2012 SC Companion: High Performance Computing, Networking, Storage and Analysis (SCC) (2012)
Salt Lake City, UT
Nov. 10, 2012 to Nov. 16, 2012
HDF5 is a data model, library and file format for storing and managing data. It is designed for flexible and efficient I/O for high volume and complex data. Natively, it uses a single-file format where multiple HDF5 objects are stored in a single file. In a parallel HDF5 application, multiple processes access a single file, thereby resulting in a performance bottleneck in I/O. Additionally, a single-file format does not allow semantic post processing on individual objects outside the scope of the HDF5 application. We have developed a new plugin for HDF5 using its Virtual Object Layer that serves two purposes: 1) it uses PLFS to convert the single-file layout into a data layout that is optimized for the underlying file system, and 2) it stores data in a unique way that enables semantic post-processing on data. We measure the performance of the plugin and discuss work leveraging the new semantic post-processing functionality enabled.
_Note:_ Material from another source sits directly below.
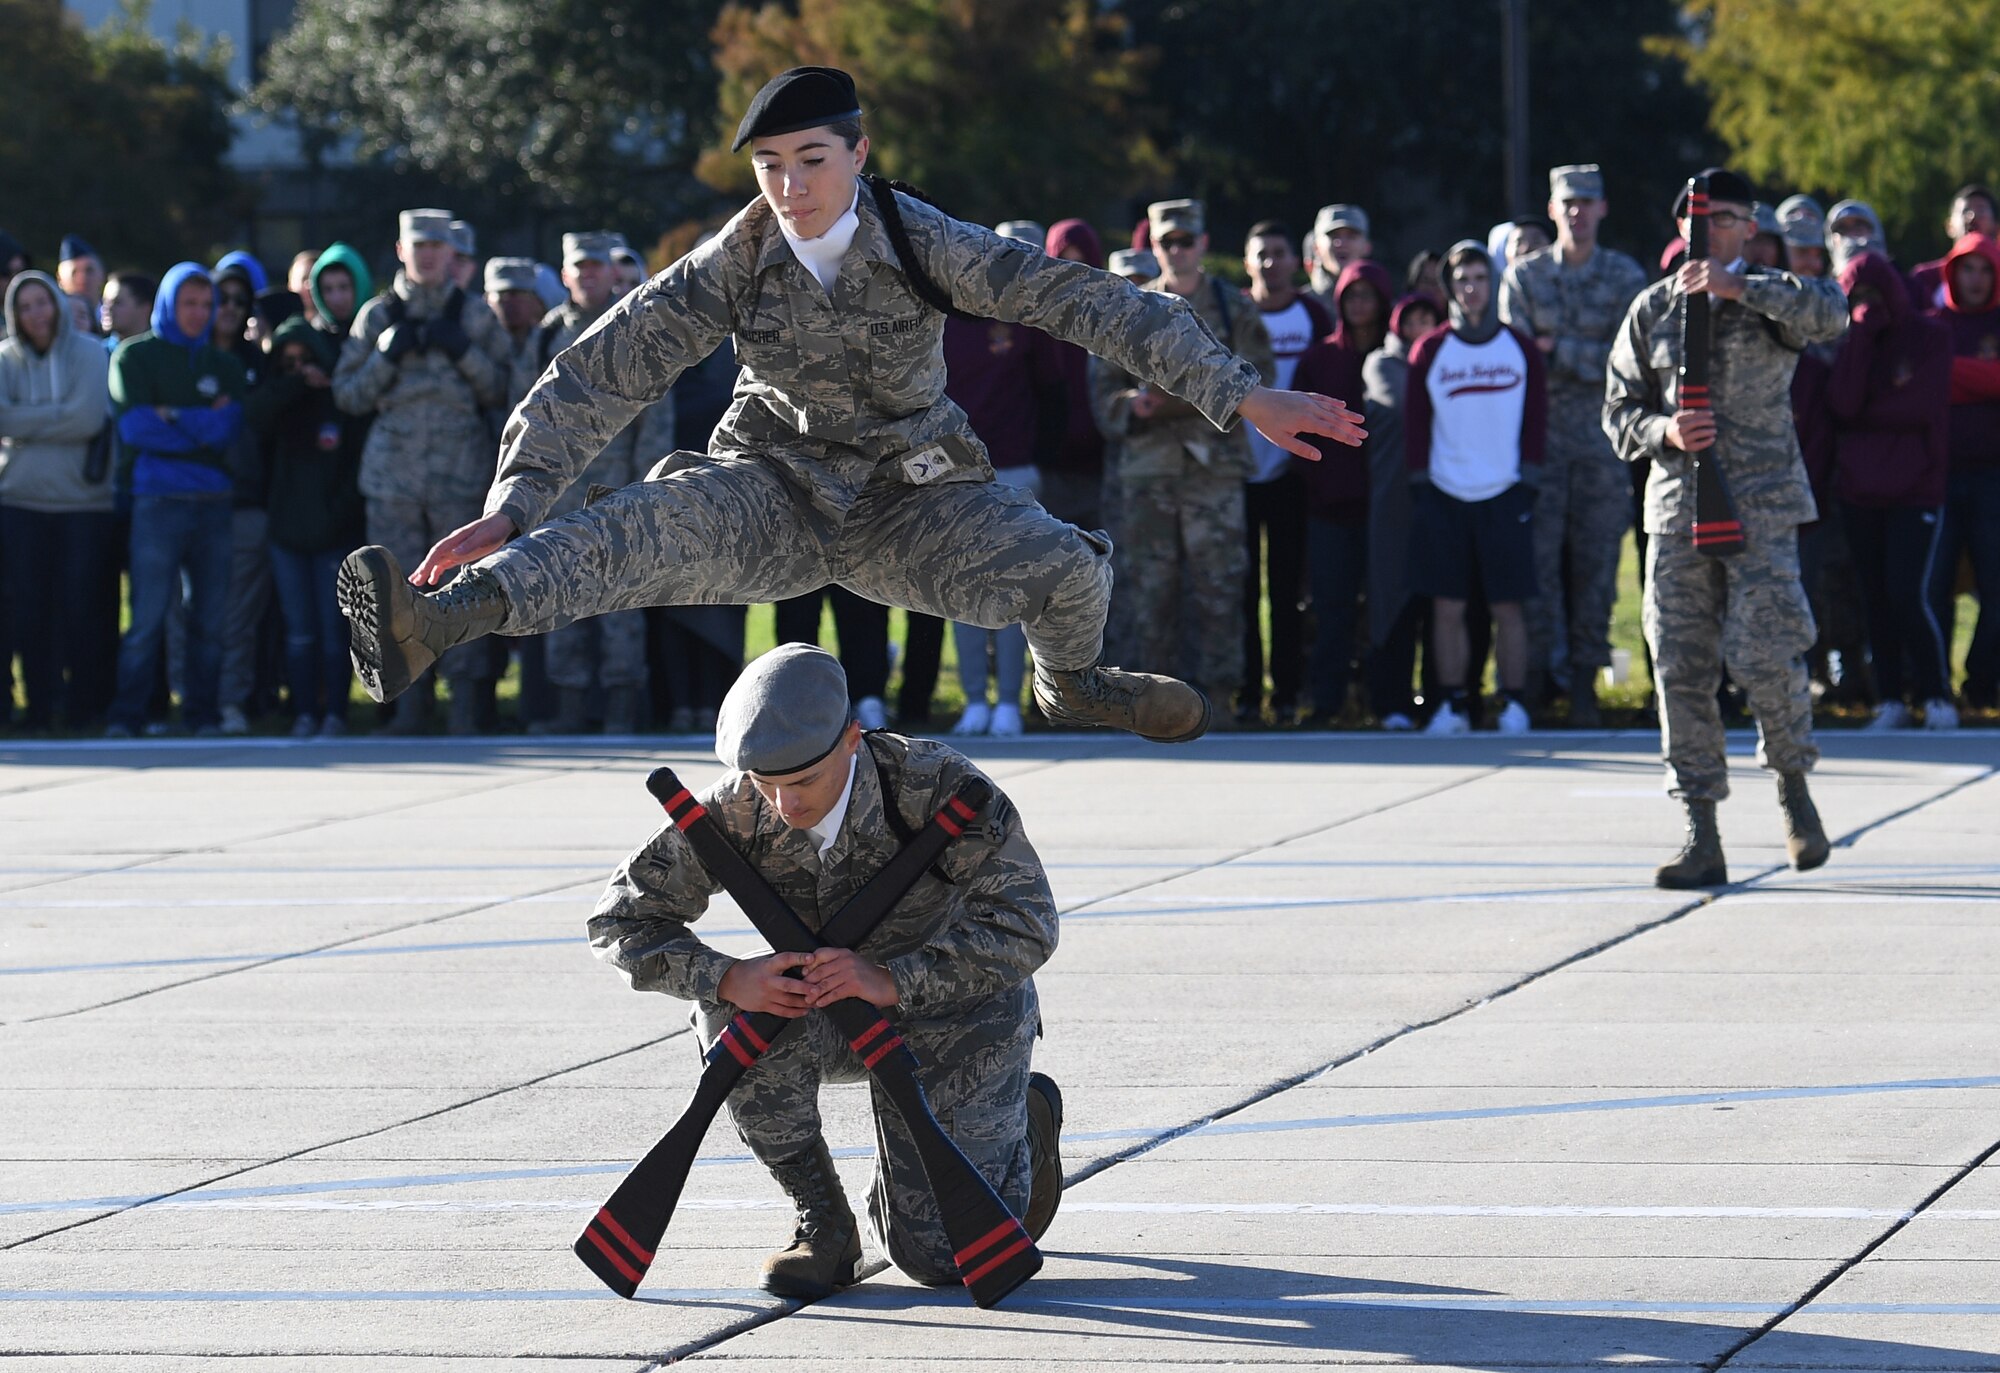 U.S. Air Force Airman Danielle Gaucher and Airman 1st Class Ethan Muncy, 335th Training Squadron freestyle drill team members, perform during the 81st Training Group drill down on the Levitow Training Support Facility drill pad at Keesler Air Force Base, Mississippi, Nov. 1, 2019. Airmen from the 81st TRG competed in a quarterly open ranks inspection, regulation drill routine and freestyle drill routine. Keesler trains more than 30,000 students each year. While in training, Airmen are given the opportunity to volunteer to learn and execute drill down routines. (U.S. Air Force photo by Kemberly Groue)

We further discuss the applicability of this approach for exascale burst buffer storage systems.
data handling, file organisation, parallel processing
K. Mehta, J. Bent, A. Torres, G. Grider and E. Gabriel, "A Plugin for HDF5 Using PLFS for Improved I/O Performance and Semantic Analysis," 2012 IEEE International Conference on Services Computing (SCC), Honolulu, HI, 2013, pp. 746-752.